For better consistency, we should do the same for Commands and put the shared logic into a Listener:

 
impl<R> Execute<R> for Create {
    fn execute(&self, runtime: R) {
      // ...
      self.listen(events).await;
    }
}
 
impl<R> Listen for R
where
    R: AuthStore + UserRepository,
{
    type Event = Event;
    type Error = ServiceError;
 
    async fn listen(&self, events: &[Self::Event]) -> Result<(), Self::Error> {
        // ...
    }
}

Some naming conventions

  1. Keep the name simple and work with modules. For example, instead of UserRepository, use user::Repository.
  2. Use verbs for Commands and Queries.
  3. Traits should not overlap common names such as Event or Projection, use a verb to describe the action.

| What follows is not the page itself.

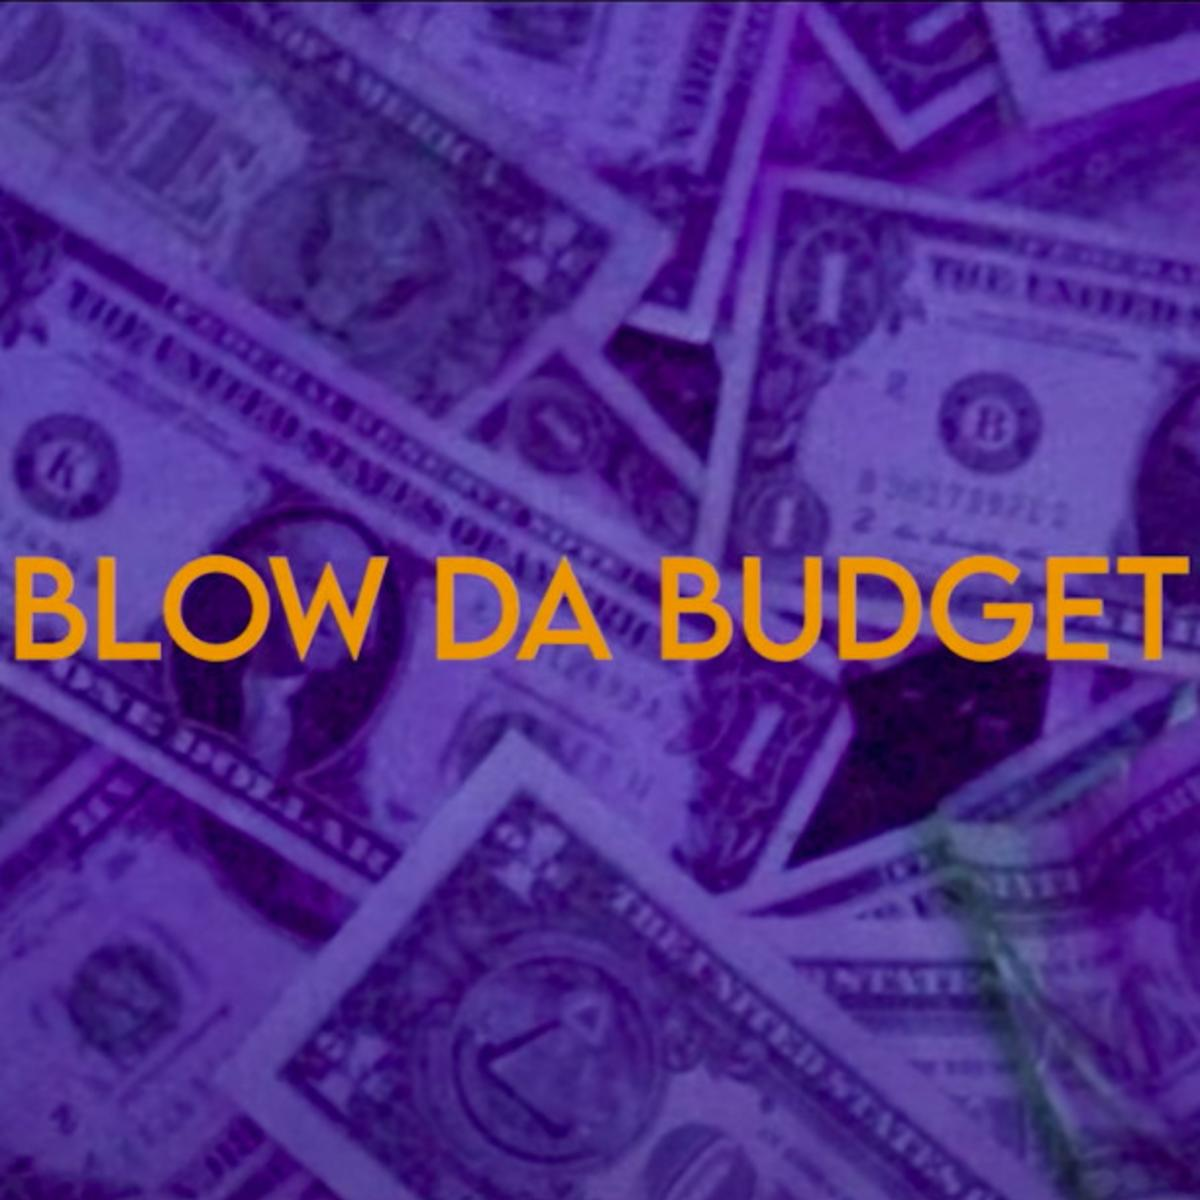 MP3: K Camp - Blow Da Budget (Freestyle)
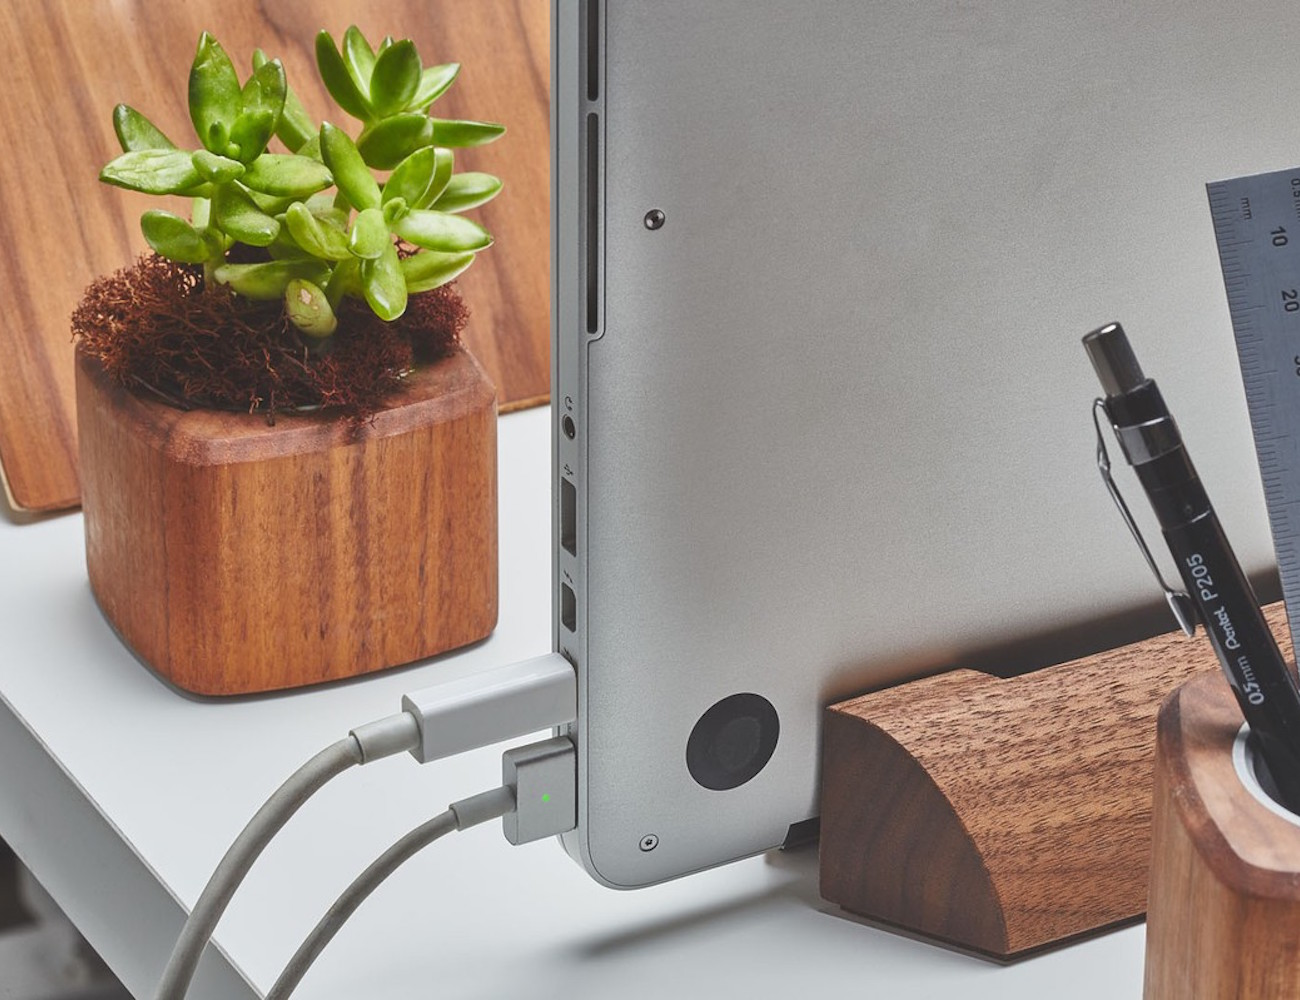 Walnut MacBook Dock by Grovemade

For example, Listen or Execute.

Generics in traits

In Rust there are two ways of putting generics in traits :

trait MyTrait<T> {
    fn my_method(&self, t: T);
}
 
trait MyTrait {
    type T;
    fn my_method(&self, t: Self::T);
}

They both have some use cases but try to use the second one as it is more flexible and explicit.

trait Execute<R> {
  type Error;
  fn execute(&self, runtime: R) -> Result<(), Error>;
}

Here, it is useful to use R as a generic here because we can define the Execute trait multiple times on a same struct for different runtimes. However it is unlikely that we need to define it for different Error types. In other words, for a given Runtime, the Error should be always the same.